林晚星的帐篷内,药香混合着淡淡的血腥味弥漫。
御医刚给林晚星肩头的伤处换了药,重新包扎好,又仔细诊了脉,确认她只是惊吓过度兼失血导致的虚弱昏睡,暂无大碍,只需静养。小桃小杏红着眼眶,小心翼翼地给自家主子掖好被角。
帐篷里,气氛却有些……拥挤和微妙。
萧彻半靠在离床榻不远的一张临时搬来的软榻上,肋下和手臂的伤口也刚处理过,缠着绷带,玄色的常服掩去了血迹,却掩不住他略显苍白的脸色和眉宇间的疲惫与阴沉。他没有回自己的御帐,美其名曰:此地僻静,刺客余党未清,需在此坐镇,确保林妃安危。实际上,他深邃的目光几乎没离开过床上昏睡的人,复杂难辨。
而萧玉瑶,这位本该在隔壁帐篷“卧床静养”的小祖宗,此刻正半趴在林晚星的床边!腰上裹着厚厚的药布,一张小脸疼得皱巴巴,却依旧顽强地赖着不走。她先是叽叽喳喳、绘声绘色地跟小桃小杏描述了一遍峡谷里林晚星如何“神乎其技”地射杀巴图鲁救了她,又如何用“掌心雷”炸得刺客屁滚尿流再次救了她,听得两个小丫头一愣一愣的,看自家主子的眼神都带上了敬畏的光。
说完了“英雄事迹”,萧玉瑶的目光就牢牢黏在了林晚星盖着的薄被边缘——那里,因为她换药时解开了外袍,露出了里面那件依旧闪烁着奇异冷光的金丝软甲一角!

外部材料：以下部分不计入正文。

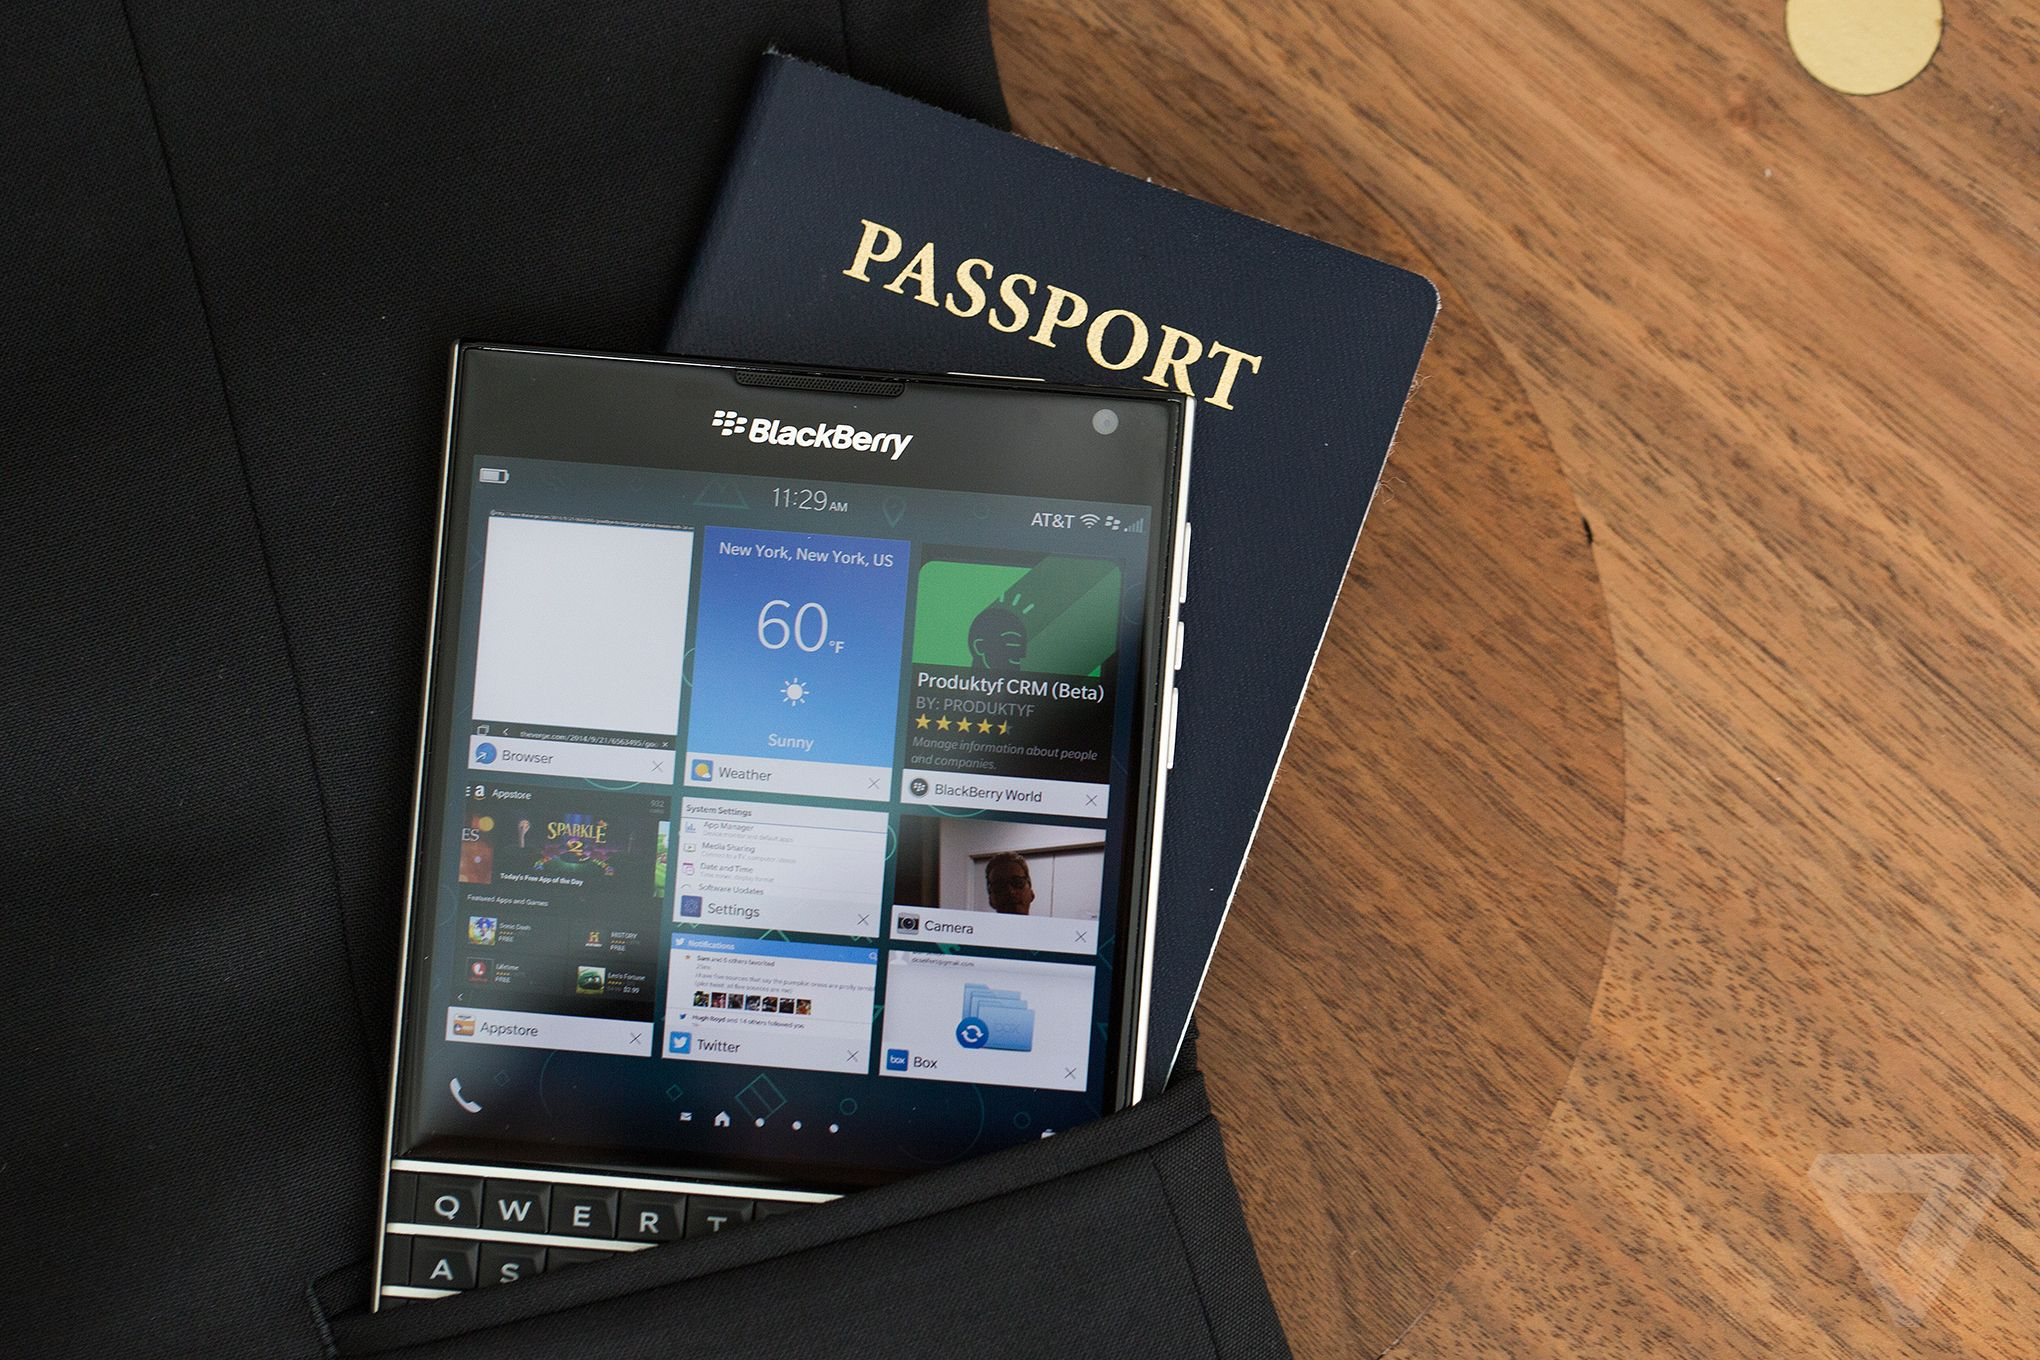 blackberry-passport-specifications
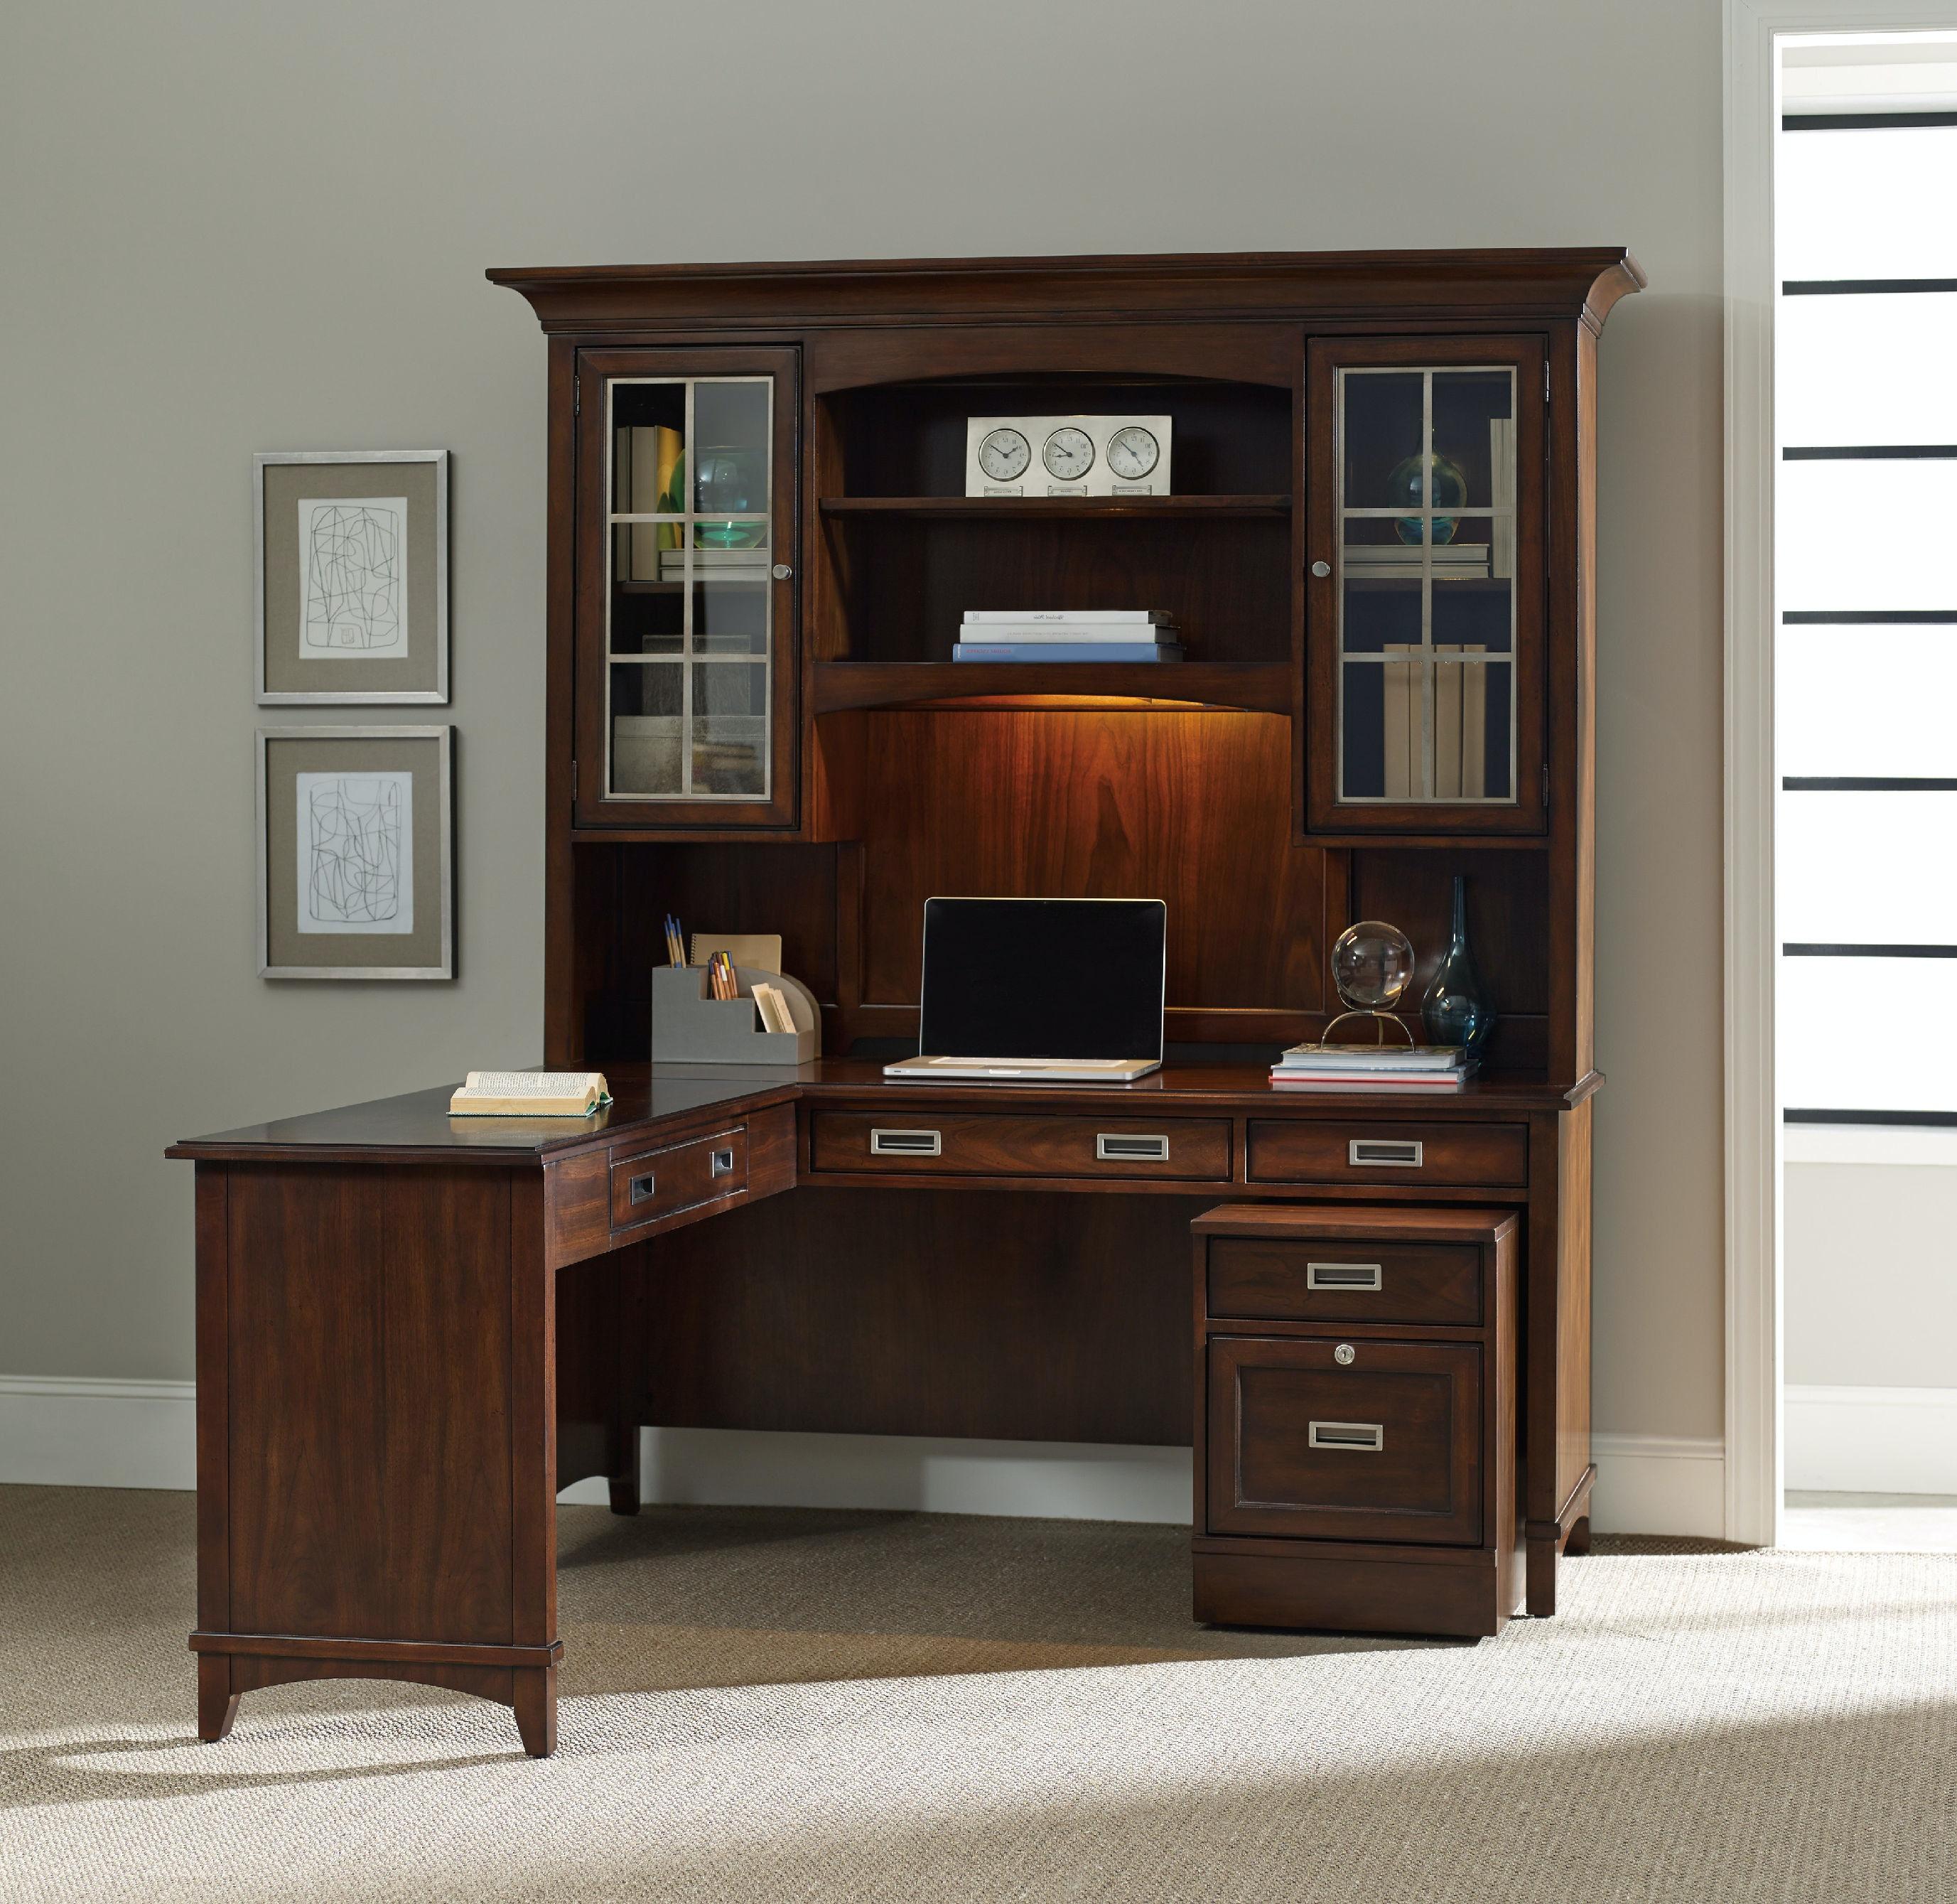 hooker furniture home office latitude computer credenza/desk hutch

萧玉瑶 伸出手指,小心翼翼地戳了戳那露出来的一小片软甲,触手冰凉坚韧,她眼睛亮得惊人,带着十二万分的羡慕嫉妒,扭头就冲着软榻上的萧彻嚷嚷): “皇帝哥哥!你看!你看嘛!就是这个!刀枪不入的宝贝!我的天!那北戎蛮子的刀都砍不破它!就留下这么个小口子!” 她指着林晚星包扎好的肩头位置,仿佛在展示什么稀世珍宝的证据, “这么好的宝贝!你怎么只给林晚星一个人?我也要!我不管!你必须给我弄一件一模一样的!下次再有刺客,我也能挡刀!不对,是让刺客的刀砍卷刃!” 她越说越激动,仿佛已经看到了自己身披宝甲、大杀四方的英姿,完全忘了自己腰上还疼着。
小桃小杏吓得大气不敢出,低着头假装忙碌。
萧彻 正凝神思考着峡谷中的种种细节,尤其是林晚星那匪夷所思的手段和这件软甲的来历,被萧玉瑶这一通聒噪打断,眉头狠狠一皱,本就阴沉的脸色更黑了。他抬眼,冷冷地扫了萧玉瑶一眼,那眼神里的不耐和警告几乎要化为实质): “萧玉瑶!你的伤好了?能下地蹦跶了?聒噪!”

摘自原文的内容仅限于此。